Name: Learning Spark
Author: Holden Karau, Andy Konwinski, Patrick Wendell, Matei Zaharia
Publisher: O’Reilly Media
Release Date: 2015
Topic: Learning Apache Spark 1.x
Use one programming paradigm instead of mixing and matching tools like Hive, Hadoop, Mahout, and Storm.
Apache Spark provides multiple components that can achieve lots of things:
- Spark SQL is the competitor of Hive for interactive queries
- MLlib is the competitor of Mahout for machine learning
- Spark Streaming is the competitor of Storm for streaming
- GraphX is the competitor of Neo4J for graph processing
Apache Spark offers three main benefits: 1) easy to use. 2) fast. 3) general engine.
If you don’t have any experience with Python, the book Learning Python and Head First Python are excellent introductions. If you have some experience with Python, Dive into Python is a great book to get deeper understanding of Python. If you are an engineer and you want to expand your data analysis skills, Machine Learning for Hackers and Doing Data Science are excellent books.
Chapter 1: Introduction to Data Analysis with Spark
Apache Spark is a cluster computing platform designed to be fast and general-purpose.
A Unified Stack
A philosophy of tight integration has several benefits: 1) all libraries and higher level components in the stack benefit from improvements at the lower layers. 2) The costs associated with running the stack are minimized.
- The ability to build applications that seamlessly combine different processing models.
Spark Core contains the basic functionality of Spark, including components for task scheduling, memory management, fault recovery, interacting with storage systems, and more. Spark Core is also home to the API that defines resilient distributed datasets (RDDs), which are Spark’s main programming abstraction.
Spark SQL is Spark’s package for working with structured data. It supports many sources of data, including Hive tables, Parquet, and JSON.
Spark Streaming is a Spark component that enables processing of live streams of data.
MLlib provides multiple types of machine learning algorithms, including classification, regression, clustering and collaborative filtering, as well as supporting functionality such as model evaluation and data import, lower-level ML primitives such as generic gradient descent optimization algorithm.
GraphX is a library of manipulating graphs (e.g., a social network’s friend graph) and performing graph-parallel computations.
A Data Scientist is somebody whose main task is to analyze and model data. Sometimes, after the initial exploration phase, the work of a data scientist will be “productized”, or extended, hardened (i.e., made fault-tolerant), and tuned to become a production data processing application, which itself is a component of a business application.
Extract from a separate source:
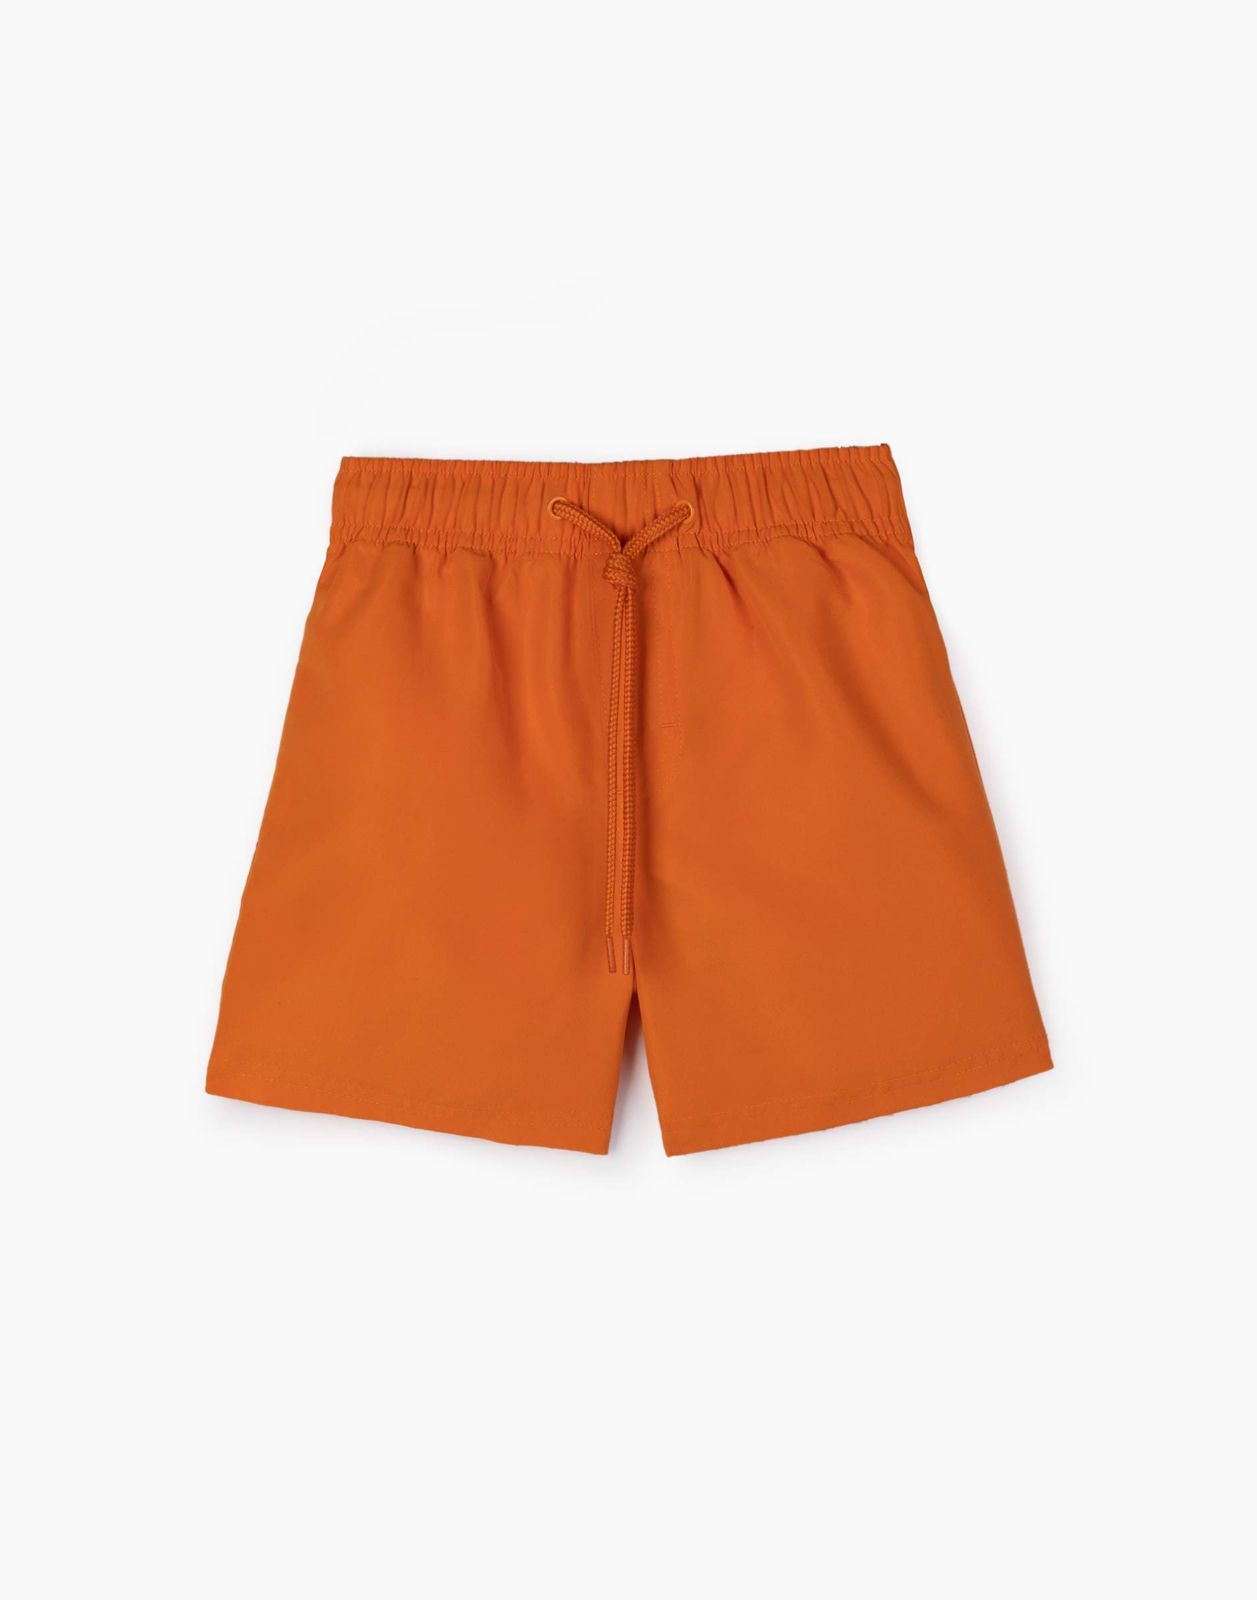 Пляжные шорты для мальчика Gloria Jeans BSM000720 оранжевый 4-6л/116 бейсболка для мальчика minaku оранжевый зеленый р р 52 см

Drawback of MapReduce Model
MapReduce was inefficient for iterative and interactive computing jobs. Thus, from the beginning, Spark was designed to be fast for interactive queries and iterative algorithms, bringing in ideas like support for in-memory storage and efficient fault recovery.
Storage Layers for Spark
Spark does not require Hadoop. It simply has support for storage systems implementing the Hadoop APIs. Spark supports text files, SequenceFiles, Avro, Parquet and any other Hadoop InputFormats.
Chapter 2: Downloading Spark and Getting Startted
To exit either spark-shell, or pyspark shell, you can use Ctrl-D.
Chapter 3: Programming with RDDs
An RDD is simply a distributed collection of elements. In Spark all work is expressed as either creating new RDDs, transforming existing RDDs, or calling operations on RDDs to compute a result.